Icahn told Bostock he does have a plan for Yahoo! and it includes:

• Replacing the severance plan with an "acceptable alternative";

• Hiring a "talented and experienced" CEO; and

• Asking the new board to inform Microsoft that unless any alternative transaction can ensure a $33 or higher stock price, all talks of alternative transactions are over.

In addition, Icahn said he would ask the new board to offer publicly to sell Yahoo! to Microsoft in "a friendly and cooperative transaction."

If Microsoft is not interested in making a proposal, Icahn would ask the new board to do a search deal with Google that would not impede a subsequent acquisition by Microsoft.

According to Icahn, Yahoo! previously denied shareholders the opportunity to sell to Microsoft at $40 per share in January 2007 and at $31 per share in January 2008, in addition to sabotaging a $33-per-share offer, the letter stated.

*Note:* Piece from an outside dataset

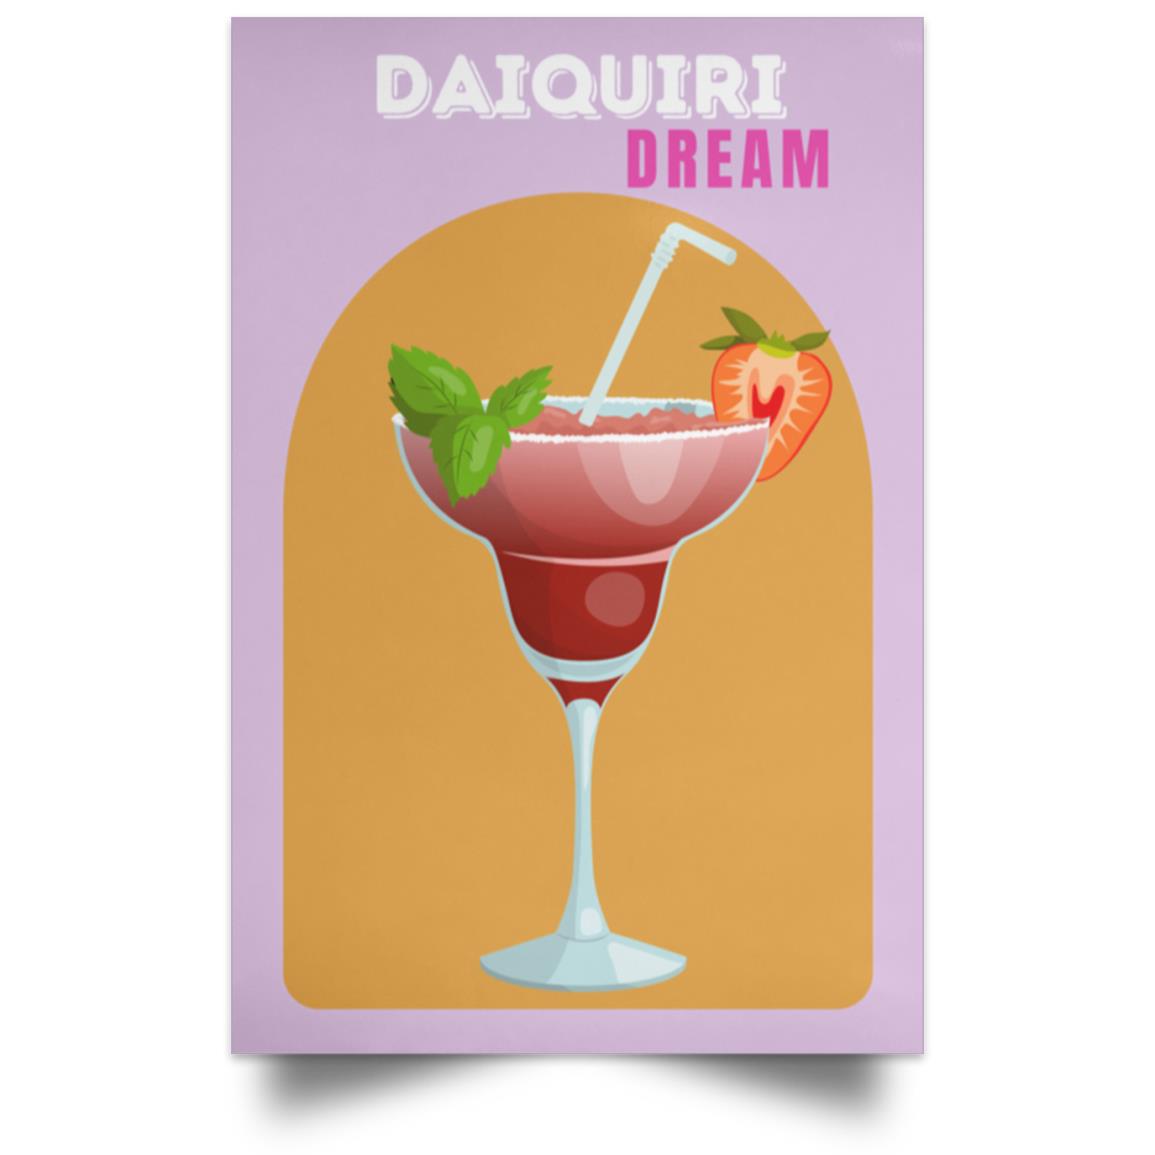 Get trendy with DAIQUIRI dREAM Daiquiri Dream - Housewares available at Good Gift Company. Grab yours for $6.75 today!

It was previously announced that Yahoo! would hold its annual meeting of stockholders on Aug. 1.

Yahoo! shareholders will be asked to elect nine directors to serve until the 2009 annual meeting or until their respective successors are elected and qualified.

Icahn nominated a slate of nine candidates plus himself for election to the Sunnyvale, Calif., internet services provider's board.

The Federal Trade Commission recently granted early termination of antitrust reviews in Icahn's bid to purchase up to $2.5 billion of Yahoo! stock, a government release said.